Pythagorean theology: Truth in numbers
August 23, 2014 Leave a comment
In their quest for the ultimate symbols to represent reality the Greeks developed a theological system that although was analogous to the pantheistic tradition within which it coexisted, was relatively independent from it and was perceived to be, at least by the Greek philosophers, ontological prior to the system of gods and goddesses that were wrapped in the myth of history.
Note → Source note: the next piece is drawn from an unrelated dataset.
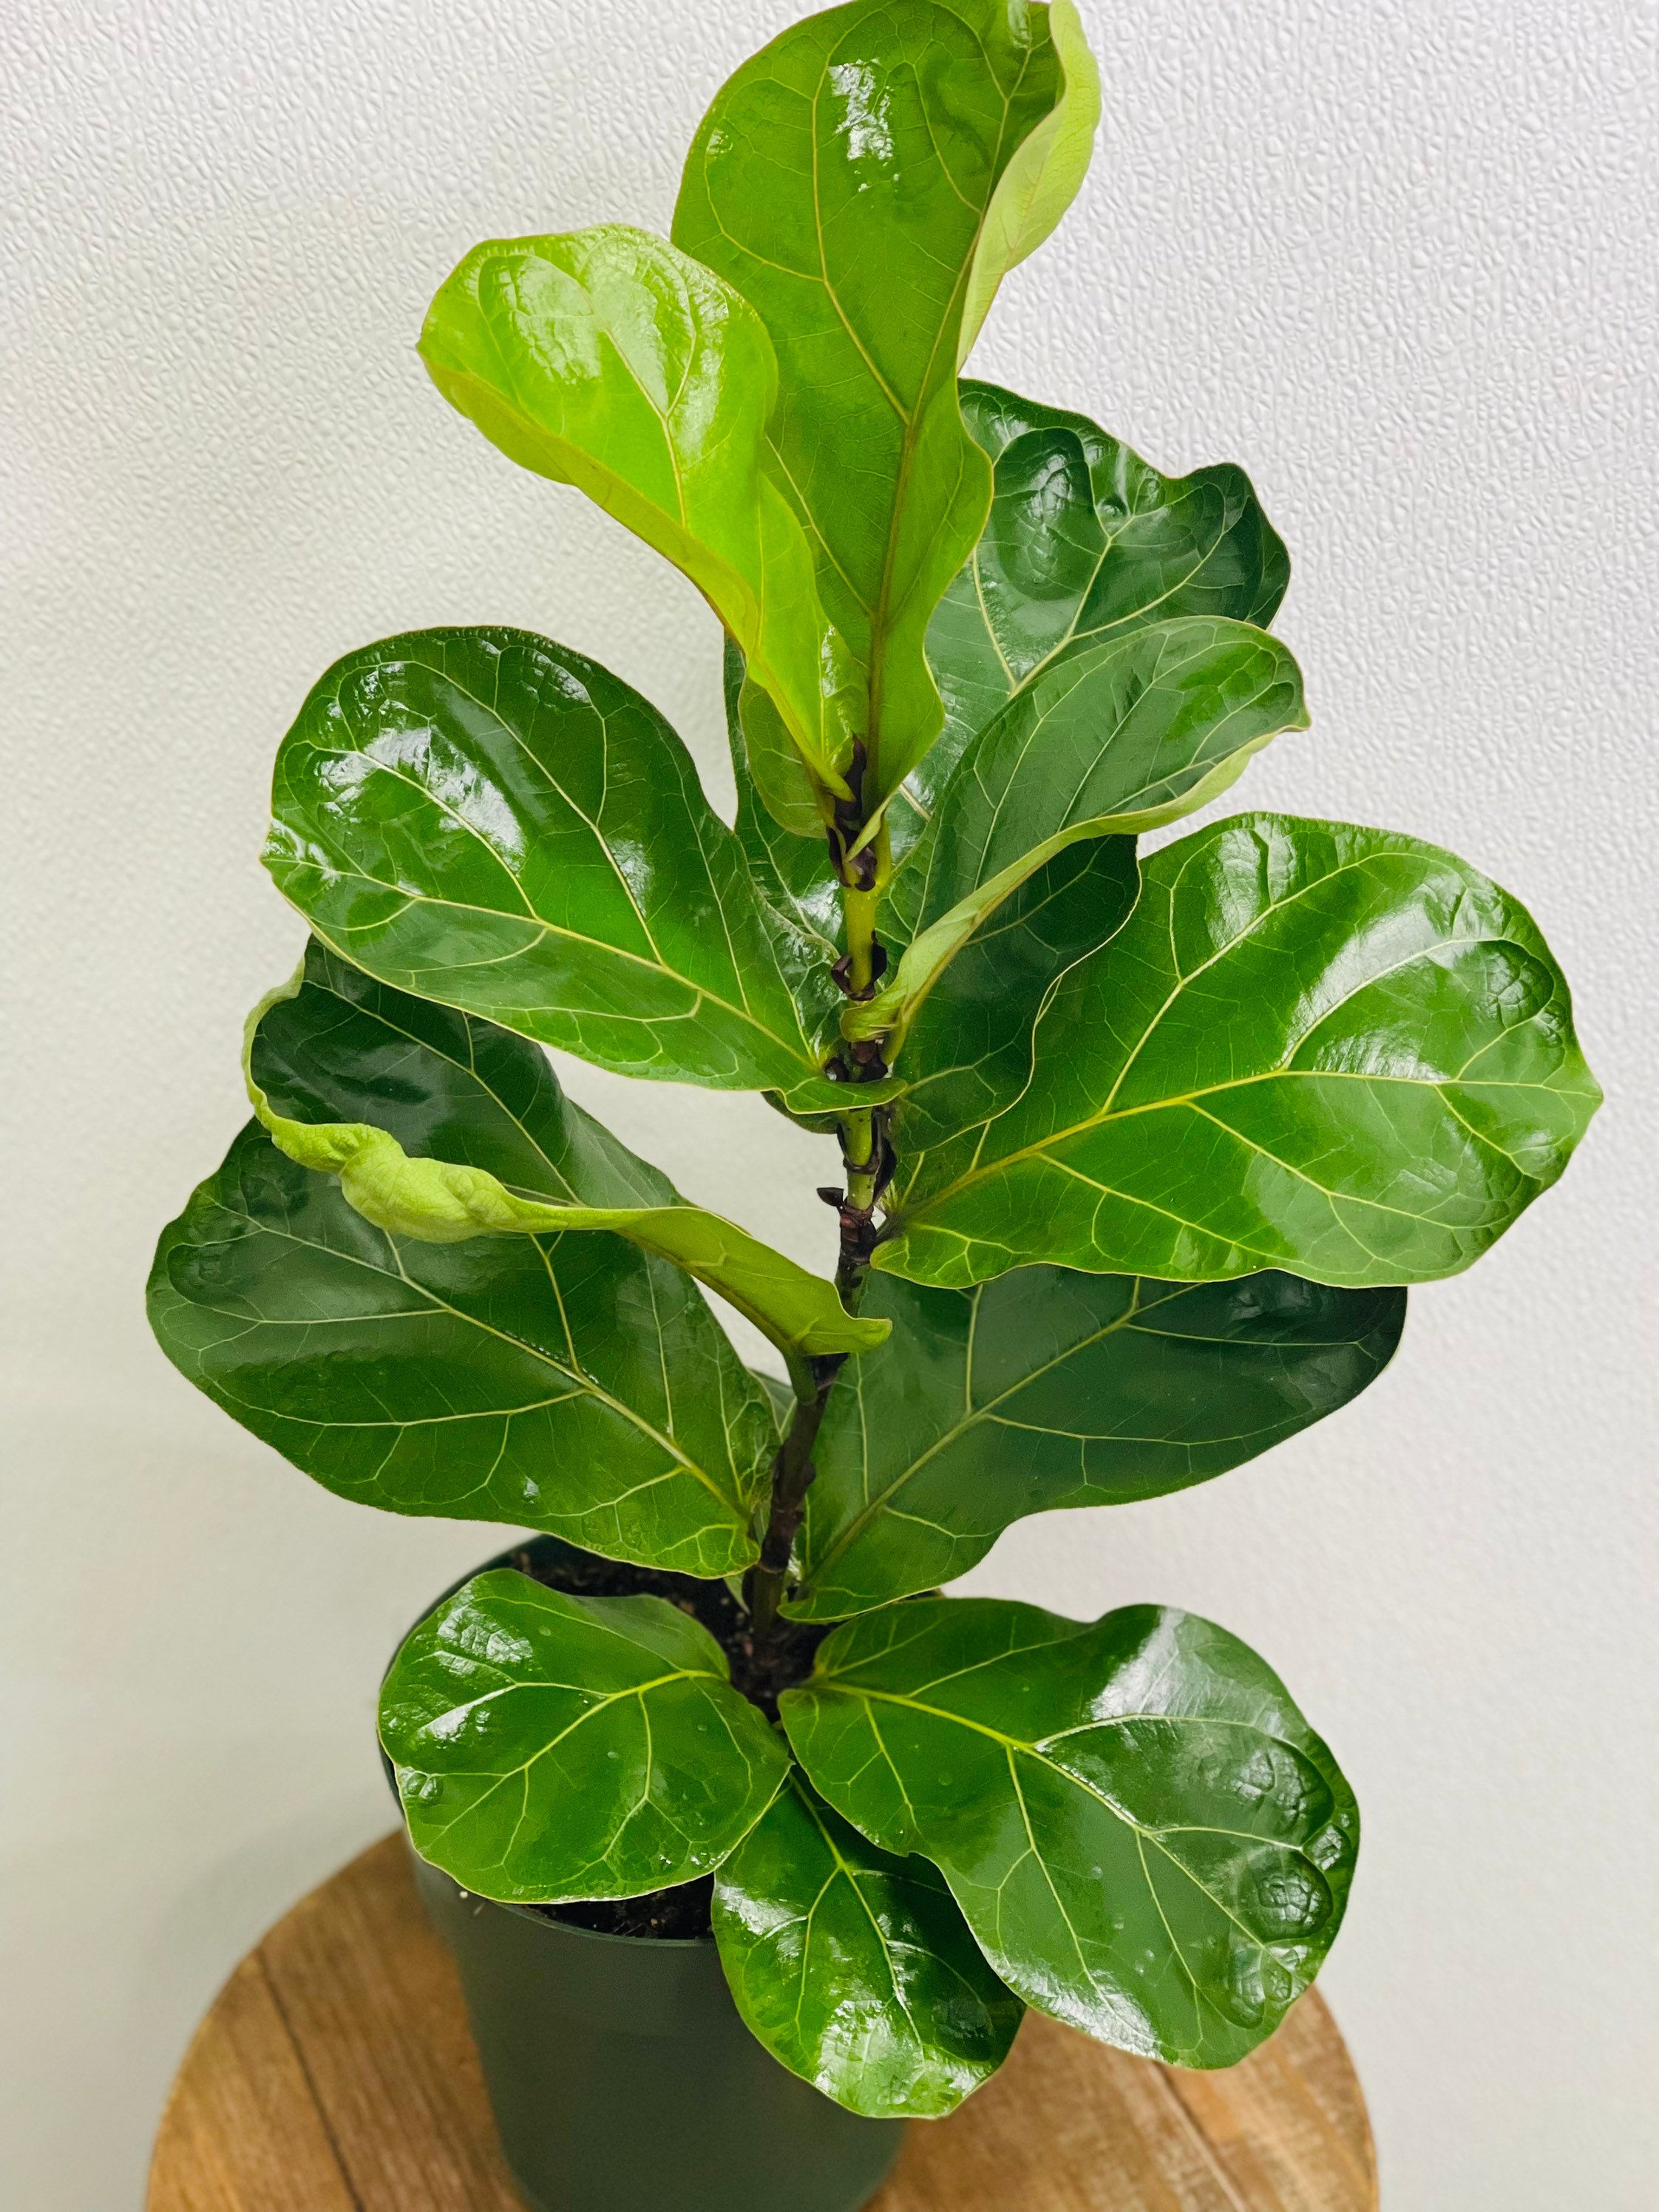 LIVE Ficus Lyrata indoor houseplant evergreen in 6" growers pot

The practice of what we might call numerology – numbers, mathematics and even geometry as theological symbols – begins, at least in the Greek philosophical tradition, with Pythagoras (c. 570 – 490 BCE), whose strong connection to mathematics survives even to this day with his continued association with the Pythagorean theorem for example. But much of the philosophical and mystical aspects of the Pythagorean school are somewhat lost by modern academics and scholars who look for a specific documented philosophical position to attribute to him and/or his followers. If he wrote anything it doesn’t survive, and although he is frequently mentioned in the writings of Aristotle and Plato he’s not given much credit for any particular philosophical position or cosmology, outside of the attribution of mathematics, and numbers specifically, as a window into the cosmic world order, a mathematical world order that governed not only earthly activities and the disposition and behavior of man, but also the behavior and functioning of the celestial and heavenly world order – again following the presupposition that in man could be found the mirror of the cosmos at large.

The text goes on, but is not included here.